A real live human lawyer will use the tool to frame questions, surface sources, sketch options. A real live human lawyer can do this because a real live human lawyer has spent years studying — and then more years gaining reflective experience on — how to frame questions, how to surface sources, and how to sketch options.
But when a real live human lawyer uses an AI tool, we don’t mistake it for law, and we don’t mistake it for counsel. We verify. Confirm. Cross-check. Answers are cheap; accountability is dear. We know the chatbot will never pay the price, nor mourn the mess it’s made.
When the system bears down, you won’t want artificial law at your side. You’ll want someone who can fight back, defect when defection is required, and carry the cost of being wrong. Tit-for-tat.
Not just words — a witness to your defense.
Justice doesn’t come from how confidently something is said. (Hell, the most ardent liars are often confident cops!) It comes from who will stand beside you when everything else is against you.
I’m not talking about confidence. Confidence is nice, but it’s not always available.
What I am talking about is courage.
That’s another thing chatbots lack.
Key Takeaways:
People trust confidence more than competence. Chatbots sound certain; lawyers sound cautious. Guess which one feels more convincing.
“Hallucination” isn’t the right word. What AI does is confabulate — weaving together words that feel true whether they are or not. That’s not a glitch; it’s how they work.
Humans confabulate, too. Memory isn’t a filing cabinet — it’s a storyteller. But when a witness does it, we cross-examine. When a machine does it, too many people just nod.
Trust is built on reciprocity. Game theory shows cooperation survives only when both sides share risk. AI doesn’t share risk. No consequences. No skin in the game.
The Constitution guarantees counsel, not chatbot answers.
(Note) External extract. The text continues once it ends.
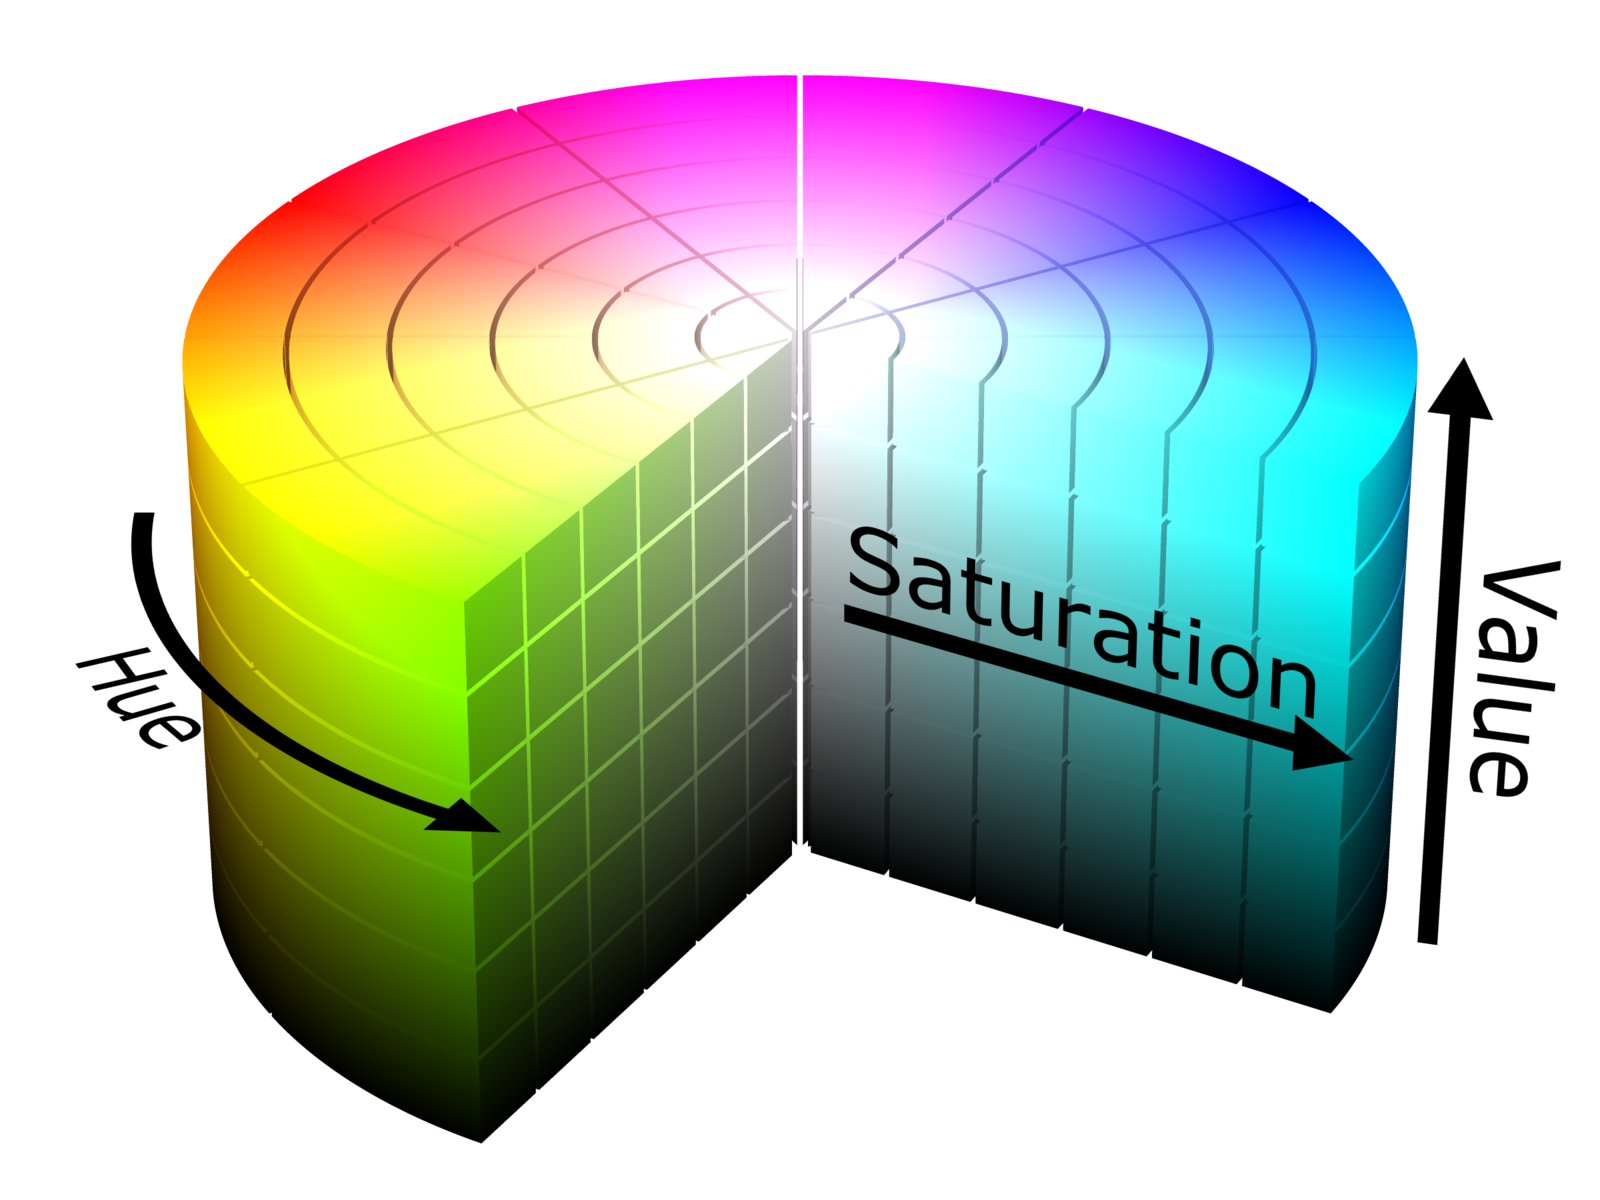 Diagram of a cylinder showing value (or brightness) vertically, chroma (or saturation) extending along the radius, and hue around the circumference.

Counsel means judgment, loyalty, courage — the person who stands next to you when the stakes are high.
Fluency without accountability isn’t law. It’s just language. And language alone won’t keep you out of prison. Especially if it’s the wrong language.








My clients have been sharing the fruits of their AI law degree with increasing frequency. Do they know I charge them for every analysis of their research and then writing an email or memo telling them why the research is all wrong?!